- Sponsorship and support for innovative Move-It, Moving Matters project initiated as legacy of 2010 Soccer World Cup in South Africa
- Addresses lack of physical education and activity for Intermediate Phase learners
Continental Tyre South Africa (CTSA) is taking its community involvement and corporate social responsibility initiatives to new heights with its sponsorship of the innovative Move It, Moving Matters project. This programme, developed and run by Iconage Holdings, delivers focussed intervention at local schools to address the lack of physical education and training.
Move It, Moving Matters was launched in 2009 by Dr Claire Nicholson, a former head of Physical Education, Sport and Human Movement Science at the University of the Witwatersrand in Johannesburg. The programme has been designed to provide essential equipment along with specially developed teacher and learner manuals that provide step-by-step guides for each session. It is complemented by regular training for the educators to equip them with the necessary skills to run the programme at their schools.
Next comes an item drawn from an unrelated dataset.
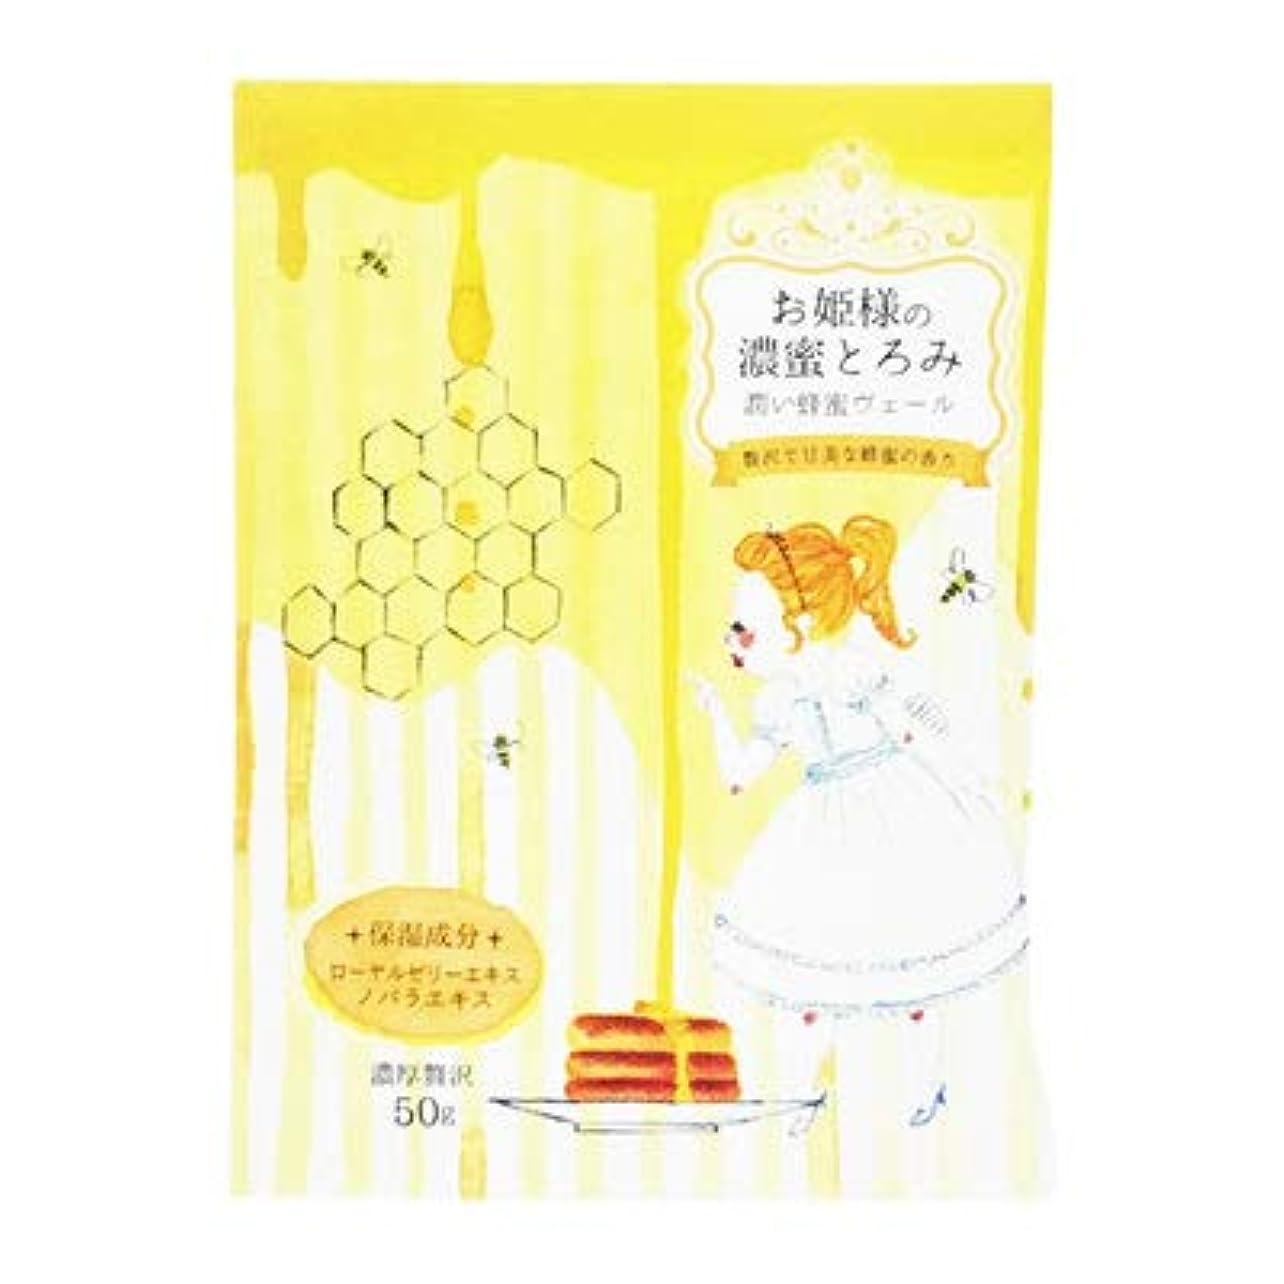 特徴づけるホイスト酸【まとめ買い3個セット】 お姫様風呂 濃密とろみ

Furthermore, it is backed up by regular assessments of the learners, which is co-ordinated through a national online database of each child enrolled in the programme. This allows the project co-ordinators the track the progress and development of each child.
“The Move-It, Moving Matters project offers a wonderful opportunity for the company to make a difference in our schools especially those that are in dire need of guidance and assistance to get their physical education programmes on track, as this is crucial for personal growth and gross motor skills development,” says Gishma Johnson, Corporate Communications Manager at CTSA.
According to Dr Nicholson legislation in South Africa requires that every school-going child must access 90 minutes of physical activity per week within the prescribed school curriculum. “However, very few teachers are qualified as facilitators in this important area of growth and motoric development as Physical Education was removed from the curriculum in 1999.
“Since then children have been motorically compromised, and teachers remain under-prepared and under-resourced to enable their learners to develop these critical life skills, and particularly in the underprivileged schools in our country,” says Dr Nicholson.
Ms Nomakhwezi Msizi, Head of Department at Ben Sinuka Public School in New Brighton, says the Move-It programme has assisted the educators and learners significantly since it was introduced in 2010. “It encourages physical activity and discipline in the learners, and helps us identify children that require more attention in terms of physical and skills development,” Msizi says.
“With so many other distractions, our children simply aren’t nearly as active as they should be, so we can ensure that they receive regular and focussed physical exercise that makes them healthier, and improves their overall learning ability.”
Currently Move-It, Moving Matters has been introduced with great success to 120 schools in South Africa, seven of which are in New Brighton in Port Elizabeth of which five are sponsored by CTSA.
For the Eastern Cape, the project has partnered with the Department of Human Movement Sciences at the Nelson Mandela Metropolitan University (NMMU), which has established a field team under the direction of senior lecturer Dr Cheryl Walter.